Buying real estate as an immigrant to the U.S.

The housing crisis may have tempered some enthusiasm for homeownership, but many people still consider putting down roots and buying a home to be part of the American dream. This is especially true for immigrants to the U.S. In fact, they accounted for nearly 40 percent of the net growth in homeowners between 2000 and 2010, according to a report by the Research Institute for Housing America (compare this with the 1970s when they represented just over 5 percent of the growth).

But the path to homeownership isn’t always easy for newcomers. Here a look at the challenges permanent or nonpermanent resident aliens with work visas or green cards sometimes face.

Language barriers. Many immigrants are fluent in English, but for those who aren’t, discussing complex mortgage or real estate terms can be a lot more complicated than exchanging pleasantries at the grocery store or completing a transaction at the post office. For instance, Jeff Riber, a broker and owner of ERA Heavener Realty in Jacksonville, Florida, worked with two couples who immigrated from Bosnia: a daughter who was fluent in English and her parents. “She was having to run point on the entire process for her parents,” he says. “If you don’t understand the terminology, it’s unnerving.” That’s where having a trusted friend or family member to translate can help, especially if the person has been through the homebuying process.

Qualifying for a mortgage. Noncitizens working in the U.S. can qualify for traditional mortgage financing, but because lenders look at U.S. credit histories, those new to the country may not have enough time to build a credit history. With government-backed loans requiring full documentation, lenders generally want to see at least two years of U.S. tax returns from borrowers, including nonpermanent residents (those who have a valid work visa but not a green card yet), according to Rob Spinosa, a Mill Valley, California-based mortgage loan originator with RPM Mortgage. If, for instance, you have been working in the country long enough to file 2012 and 2013 tax returns, you might qualify for a mortgage backed by Fannie Mae or Freddie Mac. Having a relationship with an international institution that offers U.S. mortgages could also help secure a mortgage from that lender.

If not, you might still qualify for a loan from a portfolio lender — a company that originates mortgages and holds a portfolio of loans rather than sells them on the secondary market. As Spinosa explains, these loans typically come with a lower loan-to-value ratio (meaning you might not be able to borrow as much money), a different set of underwriting guidelines and a slightly higher interest rate. He adds that these lenders typically charge a variable interest rate rather than a fixed rate.

The process is a bit different for a non-U.S. citizen who wants to buy an investment property but doesn’t have a Social Security number tied to a credit report. “For us to get an approval for a foreign national, we are checking references for employment and credit references in the country of origin,” Spinosa says.
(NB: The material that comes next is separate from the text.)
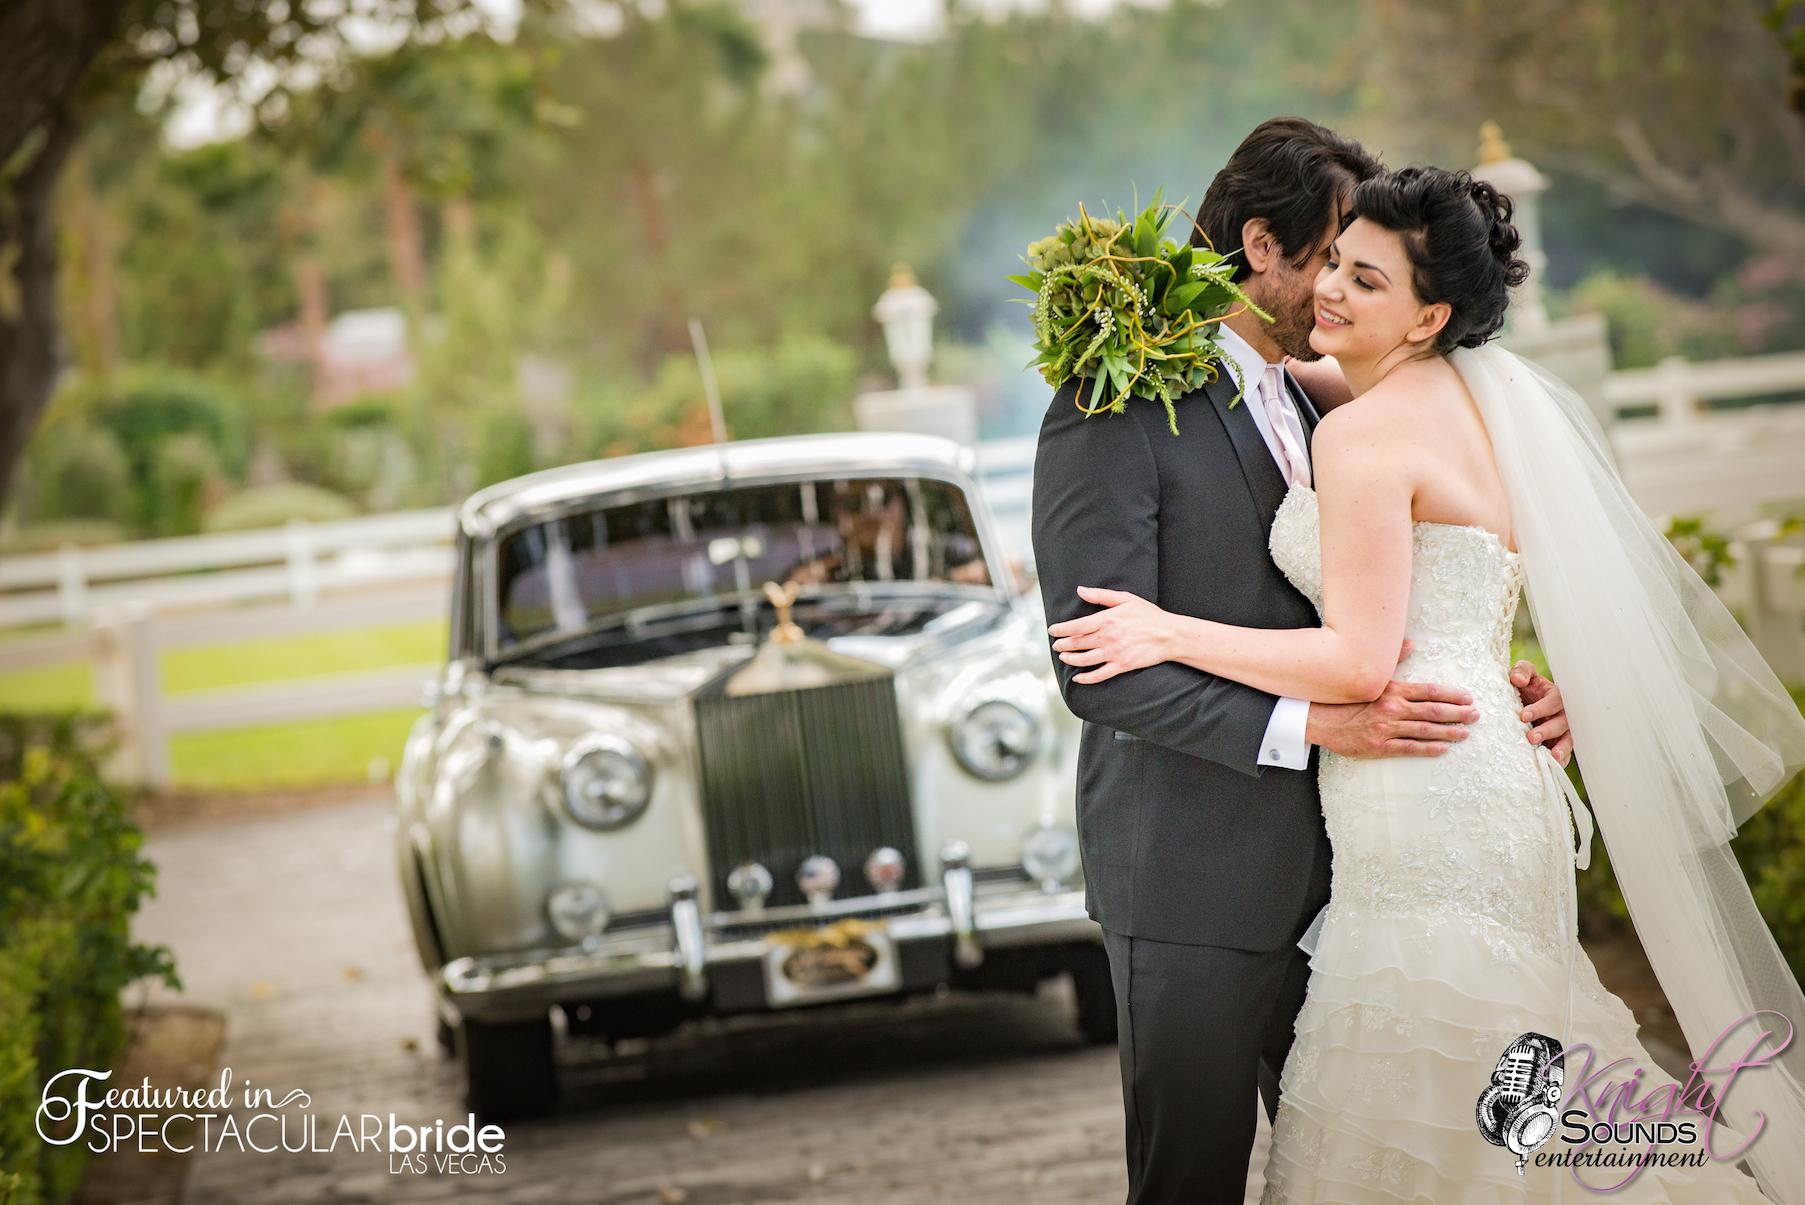 Spectacular Bride Magazine_KSE-25-2

A nonpermanent resident might also use this approach instead of waiting for two years of tax returns.

Of course, establishing credit and showing tax returns is less important if you’re paying cash, which some newcomers do. “There is lending available and they do take advantage of it, but it’s not their mentality [to take out a mortgage],” points out Reba Miller, owner of RP Miller Realty Group, a New York agency with over $1 billion in residential transactions. “It’s more of an American mentality.”

Michael Barbolla, head of Rutenberg Realty, one of New York City’s largest real estate brokerages, has seen several recent cash transactions involving foreign investors. “In many of these new buildings, they’re paying cash, and as long as there’s some verification of assets, the deals can run very smoothly,” he says.
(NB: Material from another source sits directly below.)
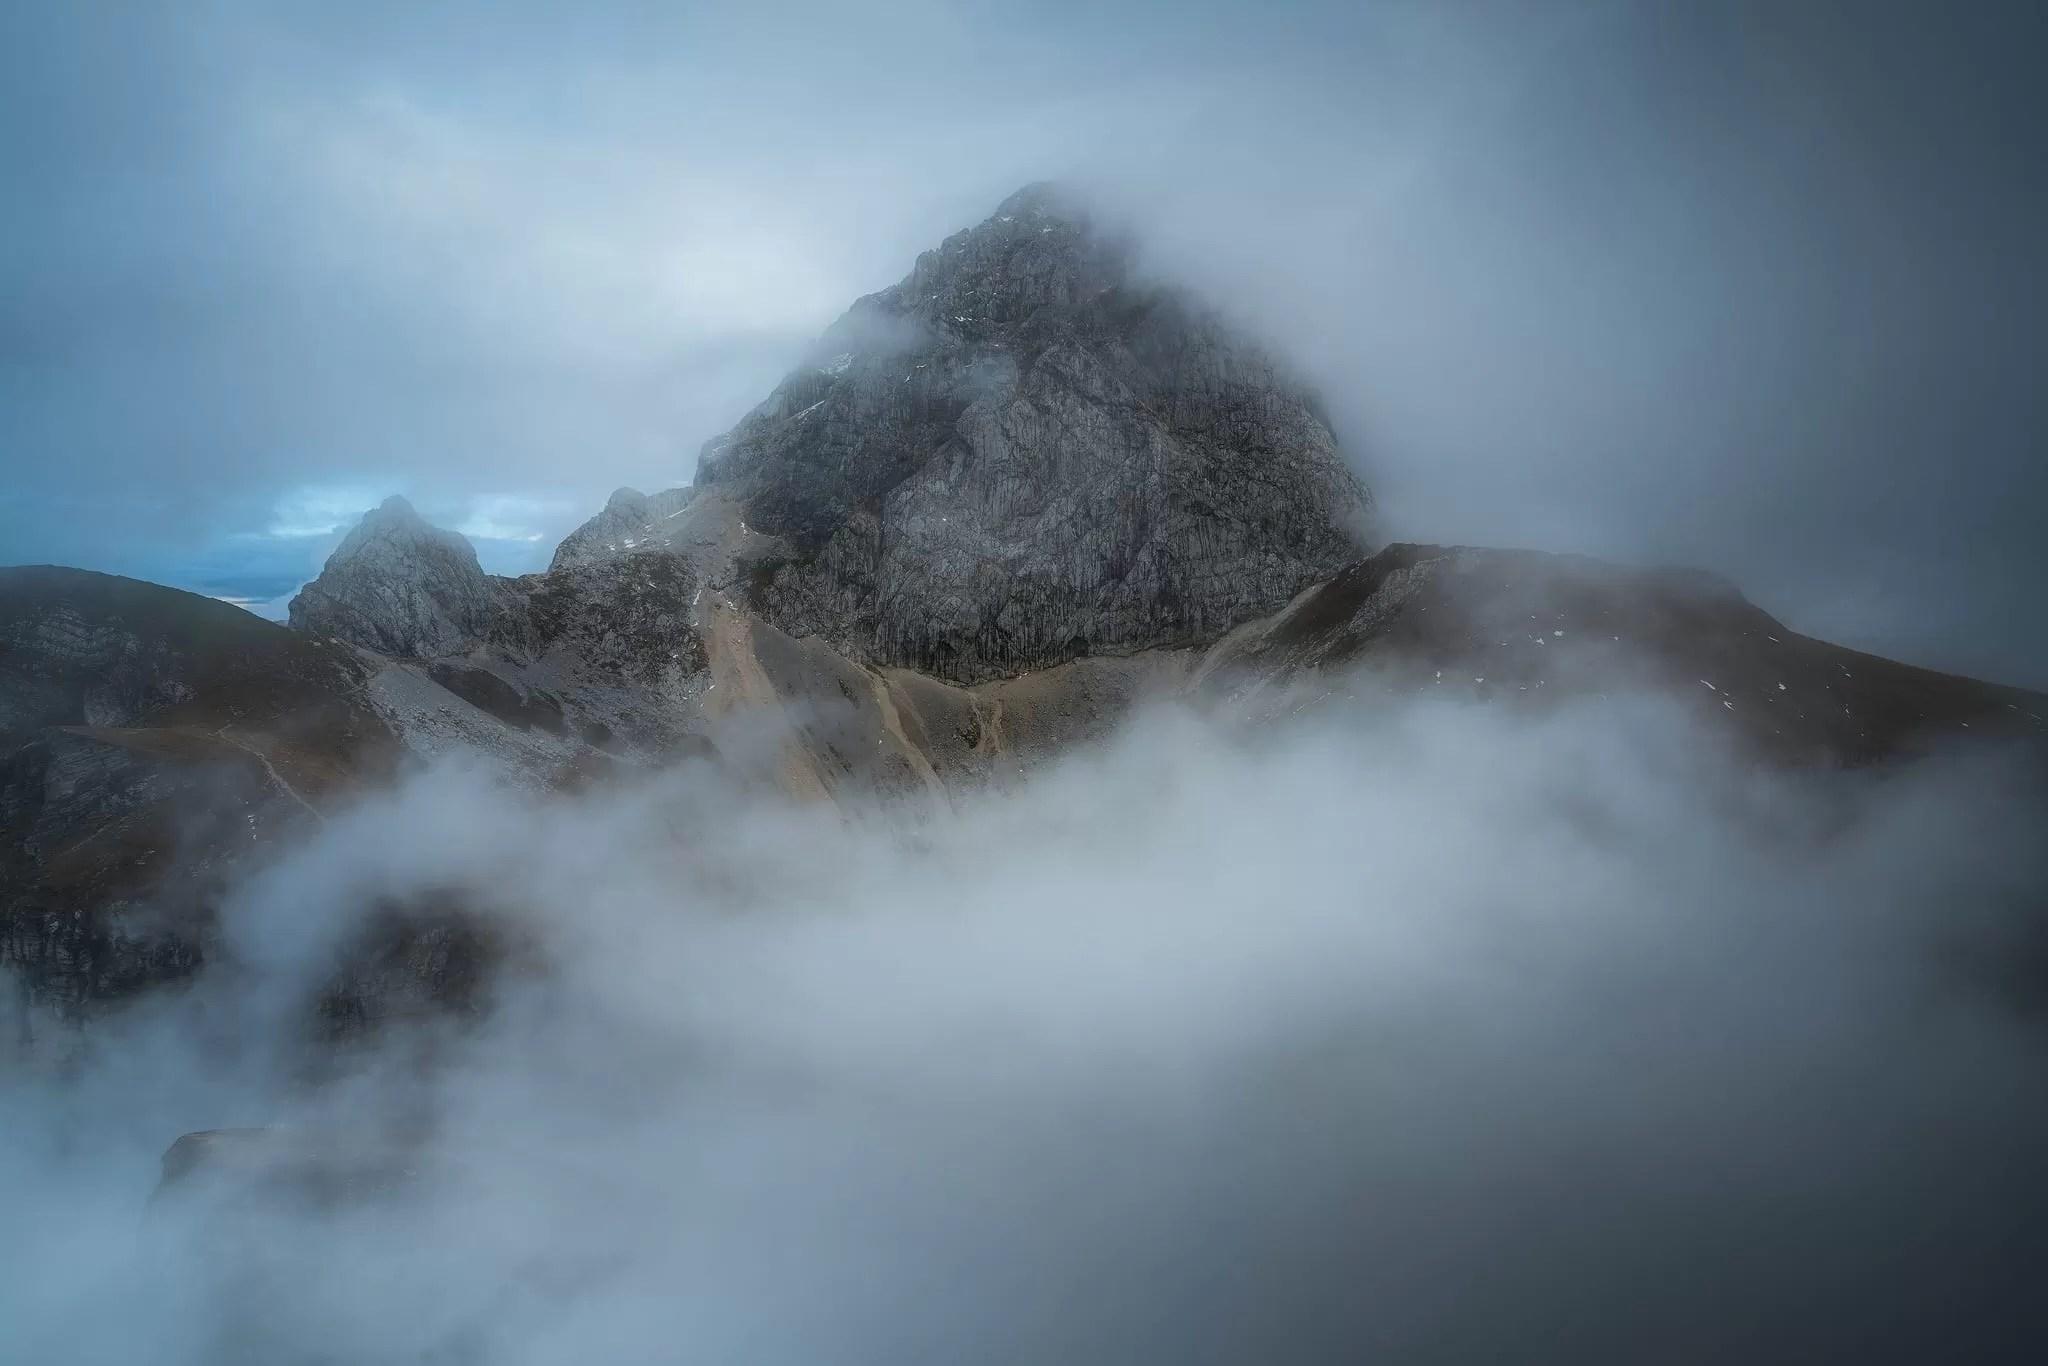 Mangart - Slovenia Landscape Photography

Getting co-op approval. Housing discrimination based on national origin, race or religion is illegal in the U.S. That said, boards running a cooperative building are allowed to vet potential buyers, and not all of them are friendly to noncitizens. “Boards can’t say ‘we don’t want foreigners,’” Miller says, “but boards can say ‘we don’t want pied-à-terre owners, and that’ll signal foreign investors or someone with a second, third or fourth residence.” (A pied-à-terre is a secondary residence, usually in a large city, used for short escapes.)

Condominiums tend to be more flexible than co-op buildings. “Because it is cooperative living and because you are owning shares in a corporation, you would complete a board package,” Barbolla explains. “Co-op boards ask for all kinds of information, letters of reference, credit checks, and it’s very difficult for a co-op to trace back that information to a foreigner because you can’t necessarily run a credit check.”

Miller says she’s helped foreign buyers without much of a U.S. credit report to secure board approval by encouraging them to collect reference letters from their accountant, broker and others. Offering to put money in an escrow account for the co-op or having money in financial institutions that are known in the U.S. can also help their case. “Try to have transparency as to where the money is and how the money is being held,” she says. “If it’s locked up in a Swiss bank account, you’d have trouble showing it.”